• **ABOUT THIS TASK**
Could you transcribe the entries below exactly, starting at the line that contains "Las recetas dulces" and stopping at the last line, without any pictures?

+++ EXTRACTED INFORMATION

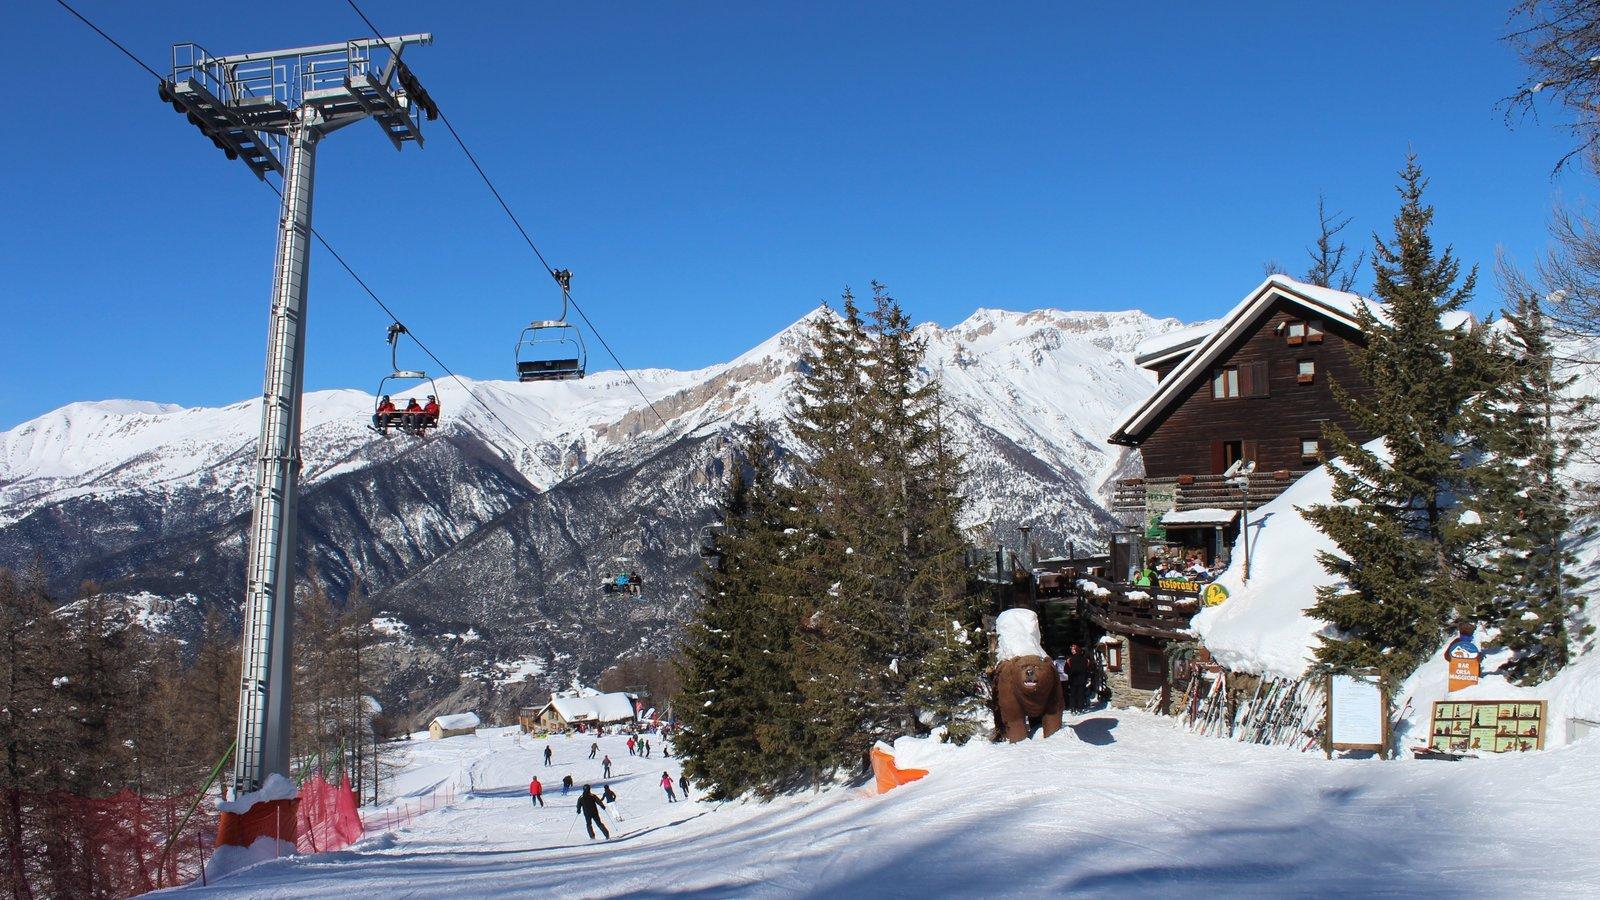 Sauze d\'Oulx ofreciendo una góndola, un hotel y nieve
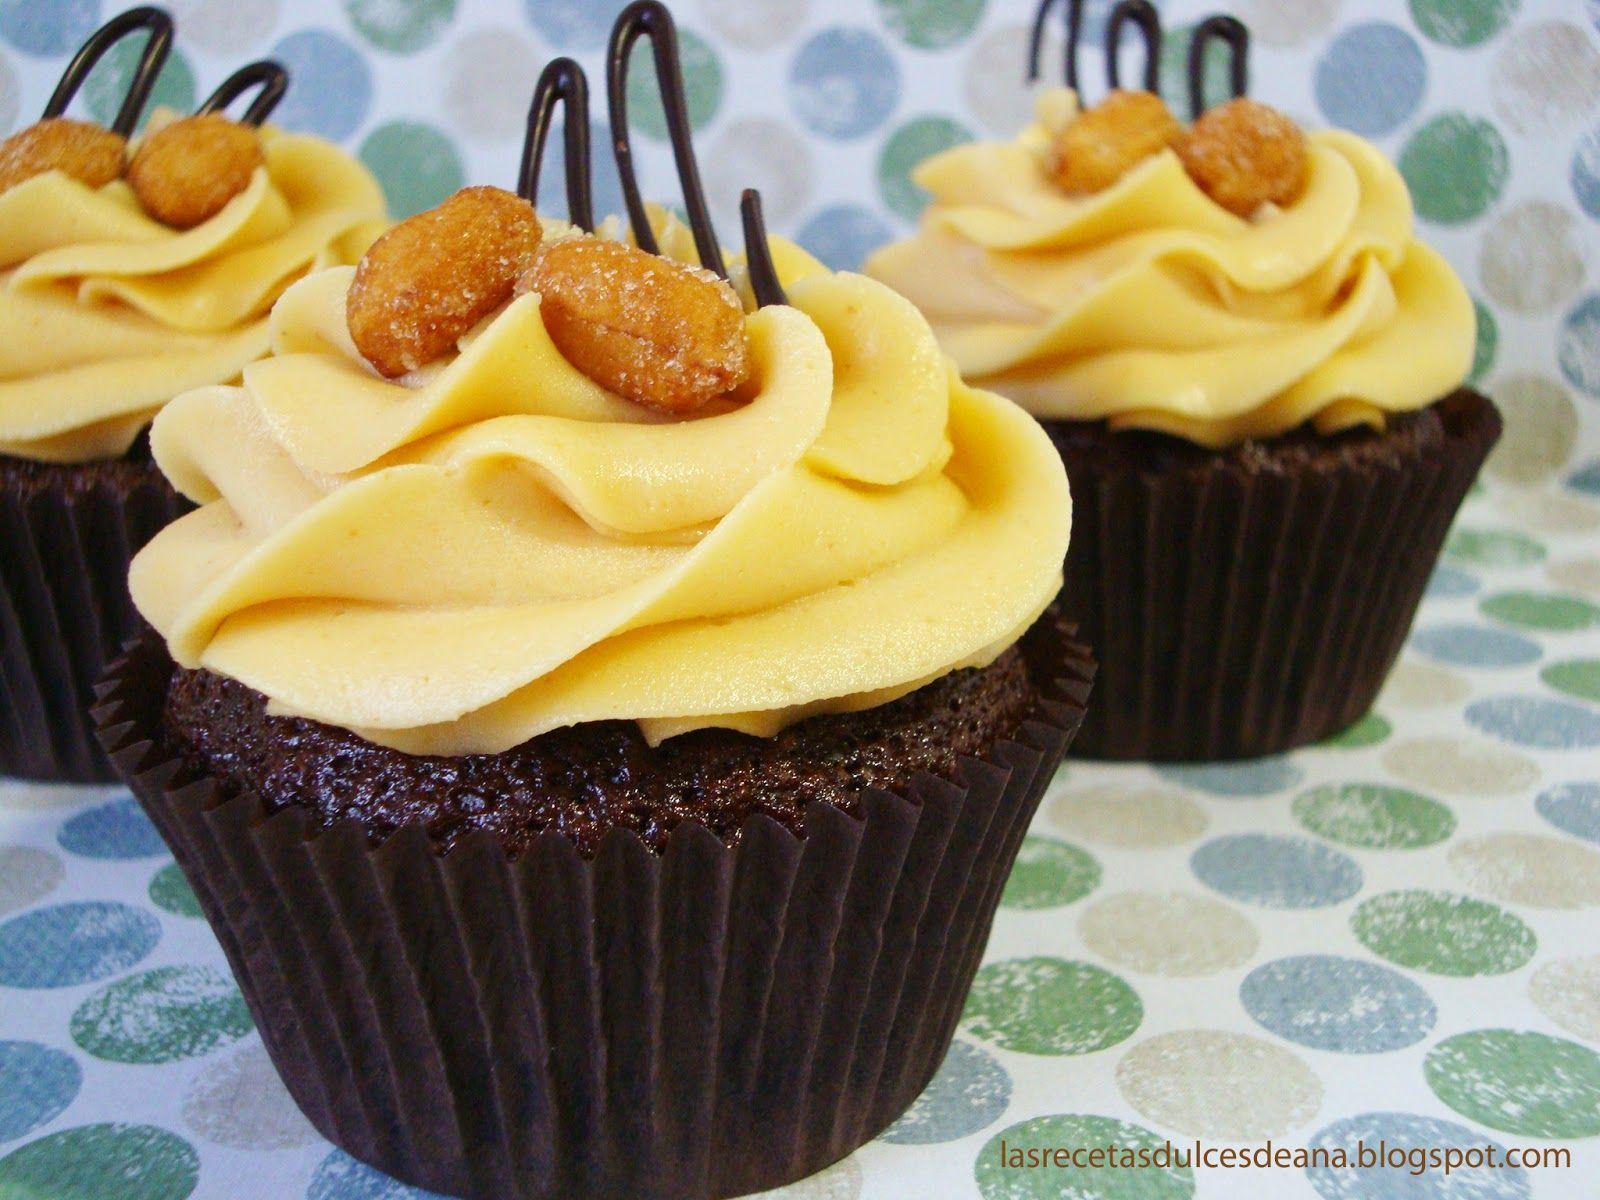 Las recetas dulces de Ana: Cupcakes de chocolate y crema de cacahuete
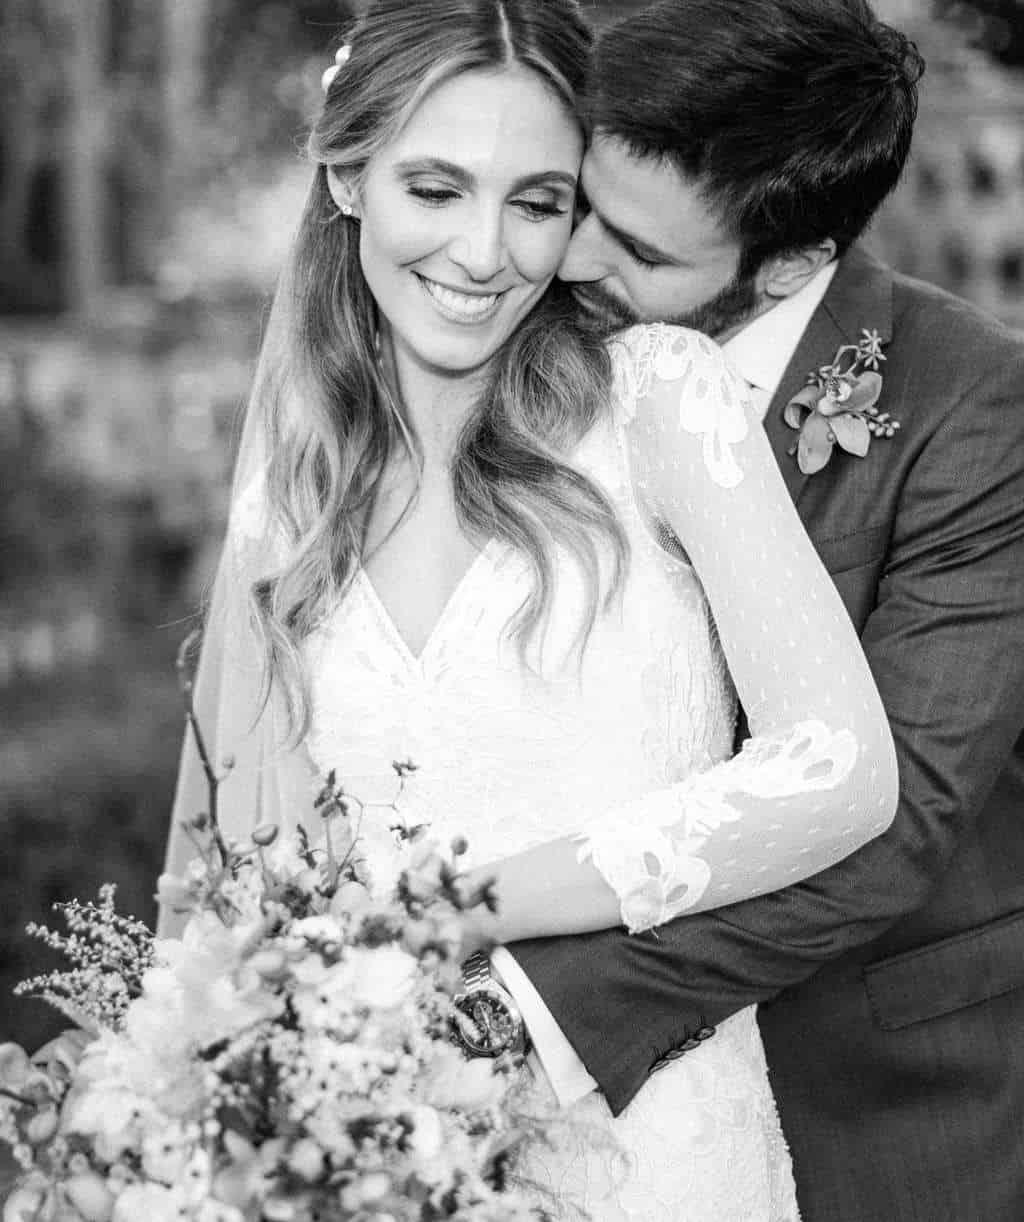 casamento-Camila-e-Diogo-casamento-na-fazenda-casamento-na-serra-casamento-romântico-destination-wedding-Fazenda-Santo-Antonio-Fotografia-Rodrigo-Sack-noivos-79
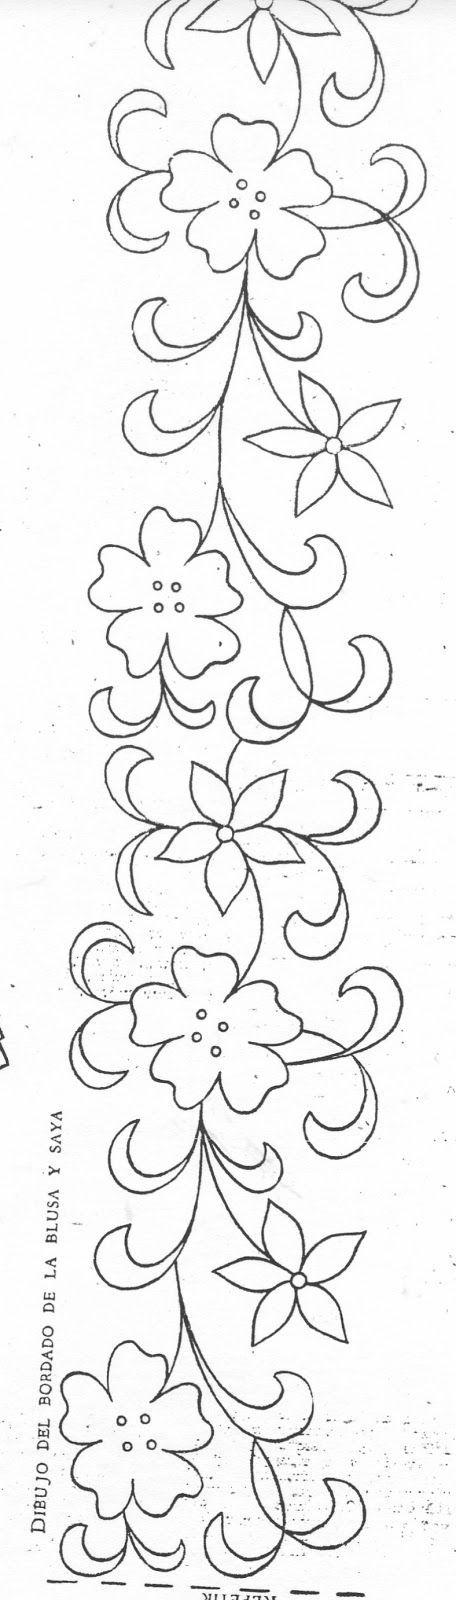 Resultado de imagen para patrones de bordado mexicano | Bricolaje y ...
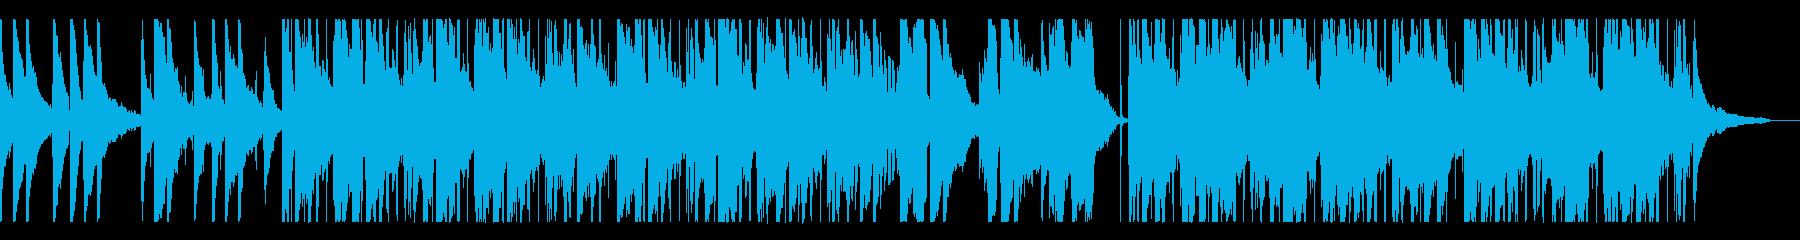 ローファイヒップホップ/まったりした夜にの再生済みの波形
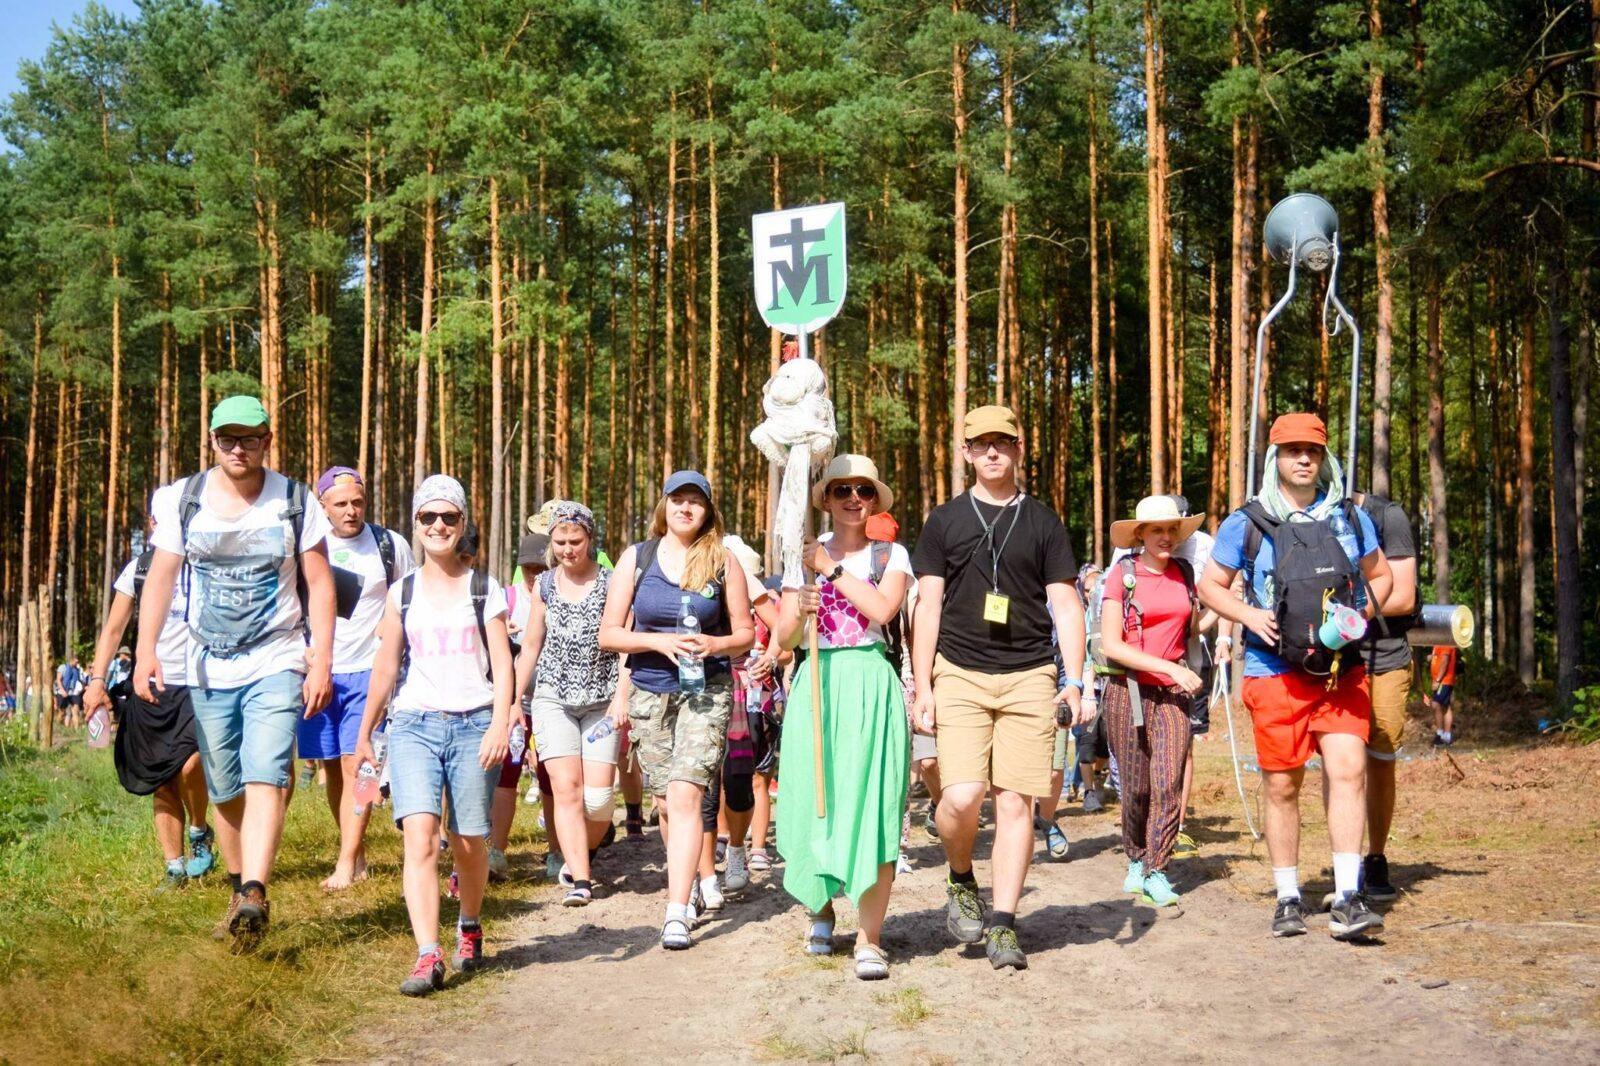 pielgrzymka WAPM grupa biało-zielona las młodzież znaczek pielgrzymkowy

++++++

• **SOLUTION BELOW**
 Las recetas dulces de Ana: Cupcakes de chocolate y crema de cacahuete
 casamento-Camila-e-Diogo-casamento-na-fazenda-casamento-na-serra-casamento-romântico-destination-wedding-Fazenda-Santo-Antonio-Fotografia-Rodrigo-Sack-noivos-79
 Resultado de imagen para patrones de bordado mexicano | Bricolaje y ...
 ローファイヒップホップ/まったりした夜にの再生済みの波形
 pielgrzymka WAPM grupa biało-zielona las młodzież znaczek pielgrzymkowy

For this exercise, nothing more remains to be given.